All options of the command can be shown with:
cargo run -- benchmark-mpc-sign --help
Auxiliary steps
Network setup and neard
configuration
Details of bringing up and configuring a network are out of scope for this document. Instead we just give a brief overview of the setup regularly used to benchmark TPS of common workloads in a single-node with a single-shard setup.
Build neard
Choose the git commit and cargo features corresponding to what you want to benchmark. Most likely you will want a --release
build to measure TPS. Place the corresponding neard
binary in the justfile's directory or set the NEARD_PATH
environment variable to point to it.
Create sub accounts
Creating the state for synthetic benchmarks usually starts with creating accounts. We create sub accounts for the account specified by --signer-key-path
. This avoids dealing with the registrar, which would be required for creating top level accounts. To view all options, run:
cargo run --release -- create-sub-accounts --help
Initialize the network
./neard --home .near init --chain-id localnet
Enable memtrie
The configuration generated by the above command does not enable memtrie. However, most benchmarks should run against a node with memtrie enabled, which can be achieved by setting the following in .near/config.json
:
"load_mem_tries_for_tracked_shards": true
Un-limit configuration
Following these steps so far creates a config that will throttle throughput due to various factors related to state witness size, gas/compute limits, and congestion control.

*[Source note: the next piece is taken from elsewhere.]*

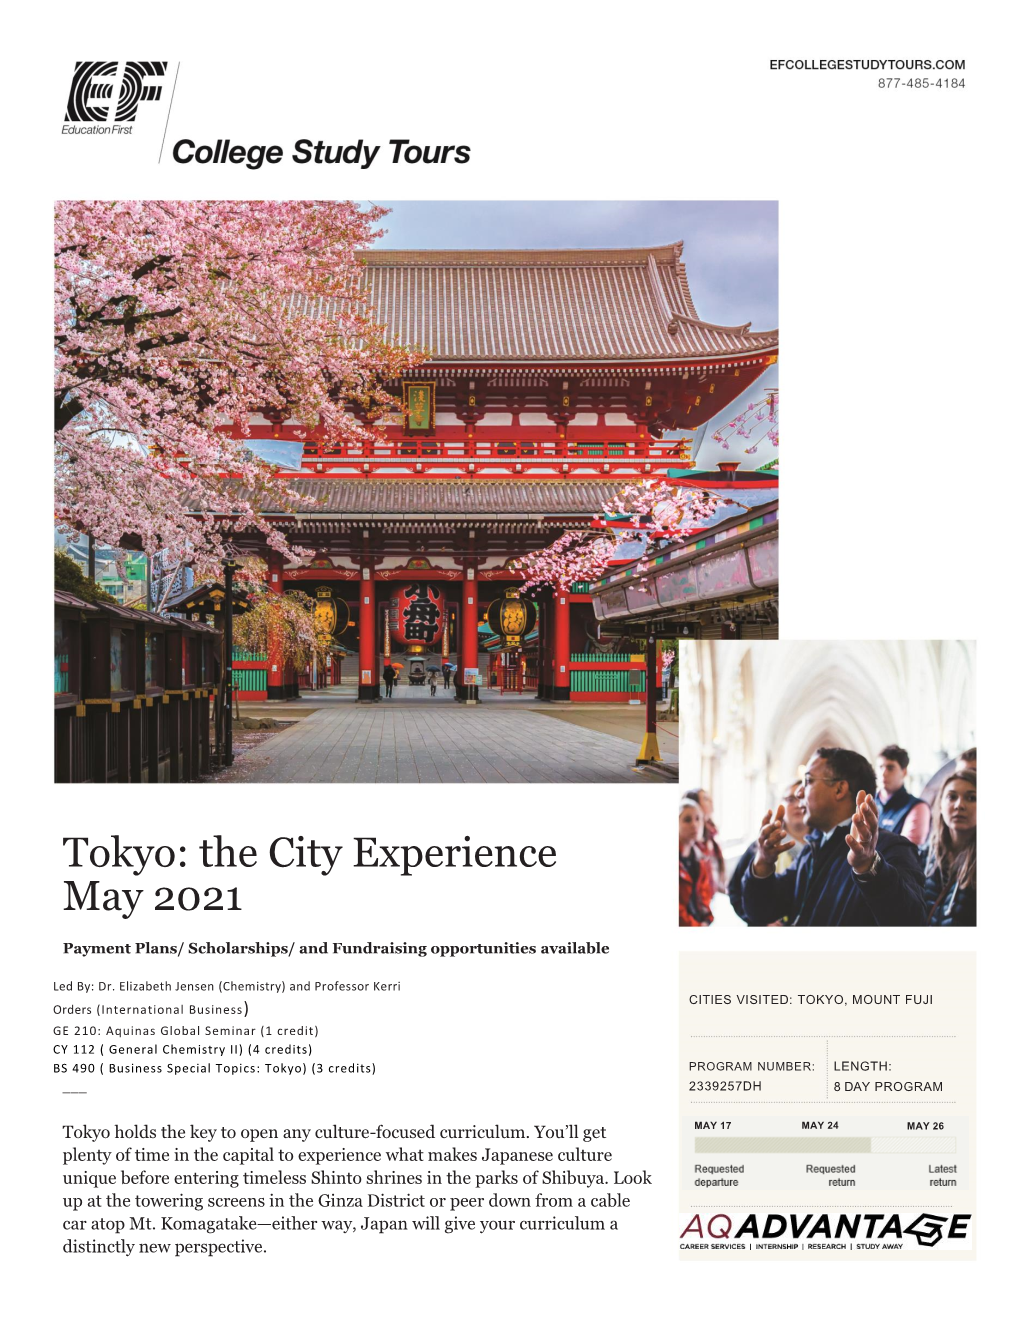 Tokyo: the City Experience May 2021

In case you want to benchmark a node that fully utilizes its hardware, you can do the following modifications to effectively run with unlimited configuration:
# Modifications in .near/genesis.json
"chain_id": "benchmarknet"
"gas_limit": 20000000000000000 # increase default by x20
# Modifications in .near/config.json
"view_client_threads": 8 # increase default by x2
"load_mem_tries_for_tracked_shards": true # enable memtrie
"produce_chunk_add_transactions_time_limit": {
"secs": 0,
"nanos": 800000000 # increase default by x4
}
Note that as nearcore
evolves, these steps and BENCHMARKNET
adjustments might need to be updated to achieve the effect of un-limiting configuration.
Modifications of genesis.json
need to be applied before initializing the network with just init_localnet
. Otherwise just run_localnet
will fail. If you ran the node with default config and want to switch to unlimited config, the required steps are:
# Remove .near as you will need to initialize localnet again.
$ rm -rf .near
$ just init_localnet
# Modify the configuration
$ just run_localnet
Common parameters
The following parameters are common to multiple tasks:
rpc-url
The RPC endpoint to which transactions are sent.
Synthetic benchmarking may create thousands of transactions per second, which can hit network limitations if the RPC is located on a separate machine. In particular sending transactions to nodes running on GCP requires care as it can cause temporary IP address bans. For that scenario it is recommended to run a separate traffic generation vm located in the same GCP zone as the RPC node and send transactions to its internal IP
.
interval-duration-micros
Controls the rate at which transactions are sent. Assuming your hardware is able to send a request at every interval tick, the number of transactions sent per second equals 1_000_000 / interval-duration-micros
. The rate might be slowed down if channel-buffer-size
becomes a bottleneck.
channel-buffer-size
Before an RPC request is sent, the tooling awaits capacity on a buffered channel. Thereby the number of outstanding RPC requests is limited by channel-buffer-size
. This can slow down the rate at which transactions are sent in case the node is congested. To disable that behavior, set channel-buffer-size
to a large value, e.g. the total number of transactions to be sent.